Sadri Şener’in tahtı sallanıyor ve istifa kararı an meselesiydi.

“Trabzonspor’a İbrahim Hacıosmanoğlu’ndan başka kim aday olur? Celil Hekimoğlu aday olur mu?”  diye konuşurken İstanbul’da çok sevdiğim bir ağabeyimden bir telefon geldi.

- “Ali Muharrem Usta’yı tanıdın mı? Trabzonspor'a başkan adayı olacak.”

Erdoğan Bayraktar ve camianın etkili isimlerinden Muammer Saka’nın, Usta’ya başkan adaylığını açıklaması ve bu yola çıkması için ısrar ettiklerini öğrendim.

Tabi hemen Google’ye Muharrem Usta ismini yazdım, karşıma çıkan gerçekler sonrasında, ”bu adama nasıl ulaşacağız şimdi? Arasak kaç günde döner acaba? Egosuyla nasıl mücadele edeceğim? Beni muhatap alır mı ki?” diye düşündüm ve kendisi hakkında araştırmalar yapmaya devam ettim.

Telefon numarasını buldum ve aradım.

Karşımda, bulunduğu makamının verdiği ağırlıkla beraber donuk bir ses tonu beklerken, gayet samimi bir ses tonu buldum.

Hatta inanır mısınız, telefonu kapattıktan sonra bana Muharrem Usta’nın telefon numarasını veren kişinin beni işlettiğini bile düşündüm.

Çünkü alışmıştık belli bir makama gelen insanların yüksekten konuşmasına, egosuna, kibrine...

Allah şahit, daha sonra Muharrem Usta’nın bir çok ortamına girdim ve en ufak kibrine, egosuna rastlamadım.

Gelelim bugüne;

Bir yönetici düşünün, Muharrem Usta başkanlığında seçildiği Trabzonspor yöneticiliği vasfını kullanarak takipçisini arttırdığı sosyal medya hesabı üzerinden, görevde olan başkanı egolu olmakla ve yalancılıkla suçluyor.

Aynı yönetici acaba Başkana böyle bir açıklamanın gerçekten yapılıp yapılmadığını sordu mu?

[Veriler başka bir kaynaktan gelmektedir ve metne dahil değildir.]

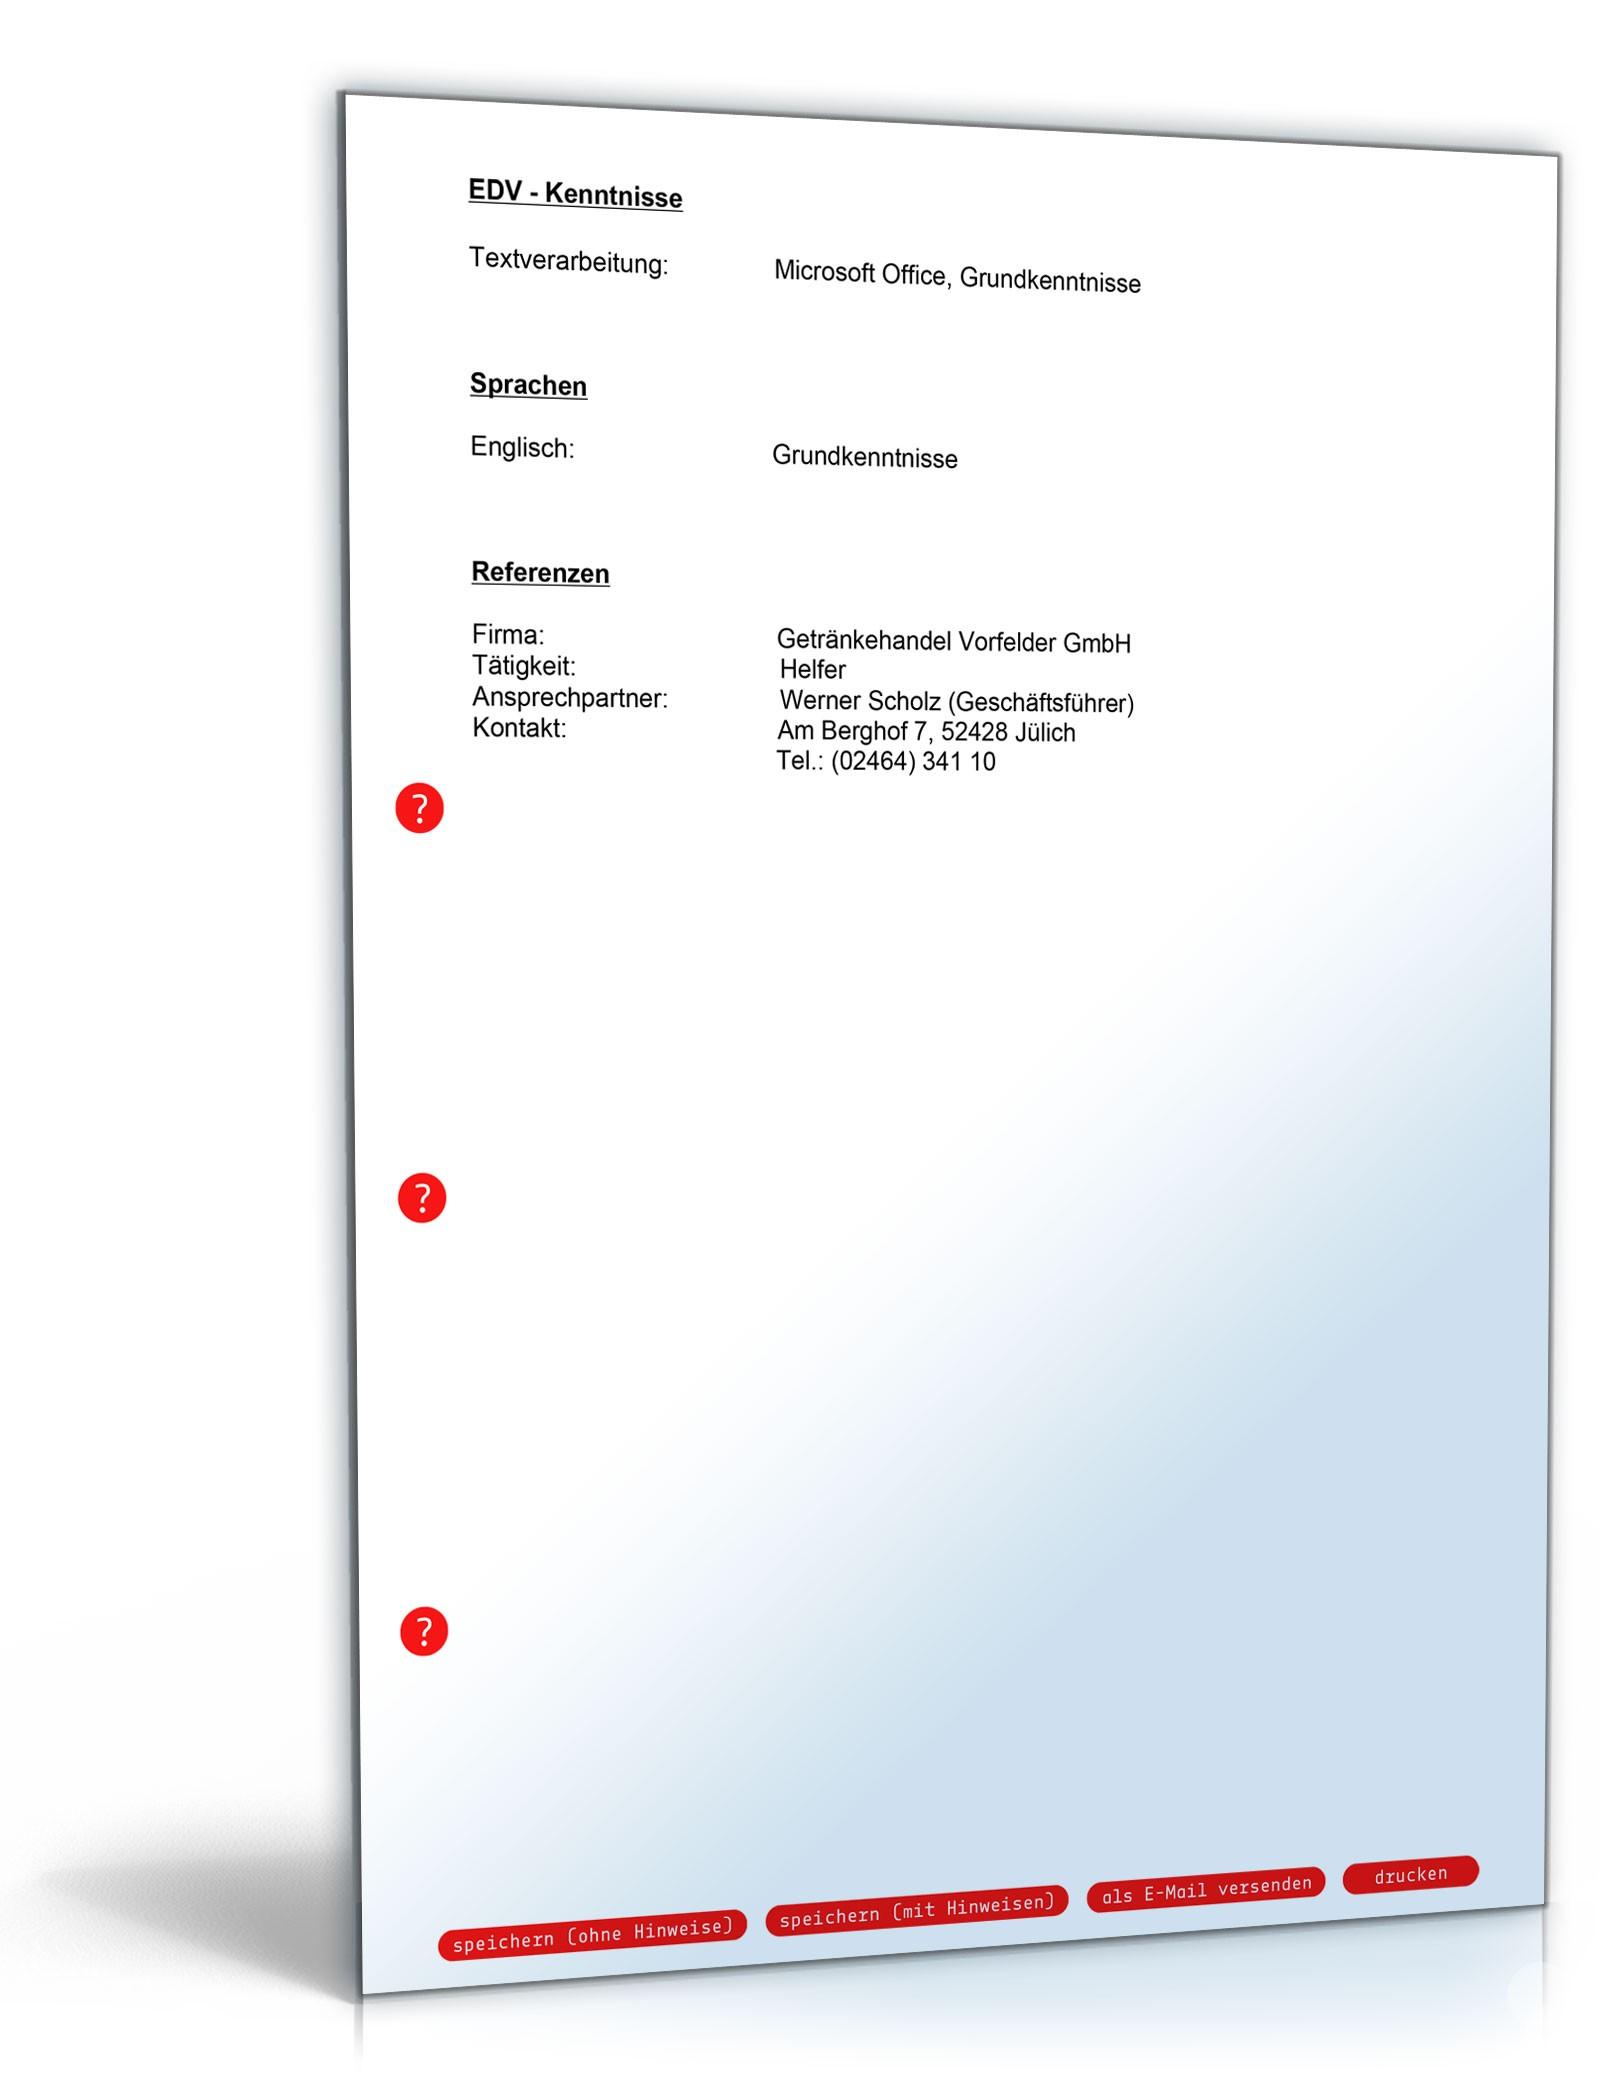 Groß Lebenslauf Magie 4. Ausgabe Pdf Download Ideen - Beispiel ...

Açıkçası bunu ben de merak ediyorum. Çünkü yıllardır tanıdığım birileri "suya bu" derken röportaj yaptığım Muharrem Usta’nın böyle bir üslup kullanacağına ihtimal vermiyorum.

Neyse, Nevzat Aydın’ı zaten başkan yaptıracaklardı… "Trabzonspor olmasa açlıktan ağzı kokacak olan gazeteci müsveddeleri" emin ol sana destek olacak. Belki de RT ve beğenilerin etkisiyle beraber Muharrem Usta’yı gözüne kestirdin.

Başkanın böyle bir açıklama yapıp yapmadığını öğrenmek yerine…

Gelen ortaya kafa vurmayı ve nur topu gibi bir kriz doğurmayı tercih ettin.

Şimdi “Ben kişilere değil Trabzonspor'a hizmet için geldim.” yazısını okurken gülüyorum.

Yönetim içinde başkana karşı örgütlenerek mi Trabzonspor’a hizmet edeceksiniz?

Bırak artık Trabzonspor üzerinden PR çalışması yapmayı, “blok” attığın kişiler Trabzonspor olmasa seni sokakta görse tanımazken, zirve yapmış egon ve cümlelerin ile attığın blokların haddi hesabı yok.

Ha bu arada;

Gerçi siz iyi bilirsiniz Trabzonspor iyi giderken yönetimi karıştırmayı.

Hiç unutmuyorum. Hayrettin Hacısalihoğlu’nun asbaşkanlığında ligin zirvesinde olan bir yönetim dağıtılmış yapılan kongre sonrasında Nevzat Aydın yönetime gelmişti.

Dönemin yöneticisi Mehmet İrfan Coşkun'a hep sorararım, "abi ligin zirvesinde olan bir takımın yönetimi neden değişir? Siz neden devam etmediniz?"

Yıllar geçti cevabını bulamadım.

Şuan tek dileğim,

Yeni seçilen başkanın bütün enerjisini sahaya yansıtmasını sağlayacak bir yönetim oluşması.

50. Yılda şampiyonluğun olmazsa olmazı bence bu.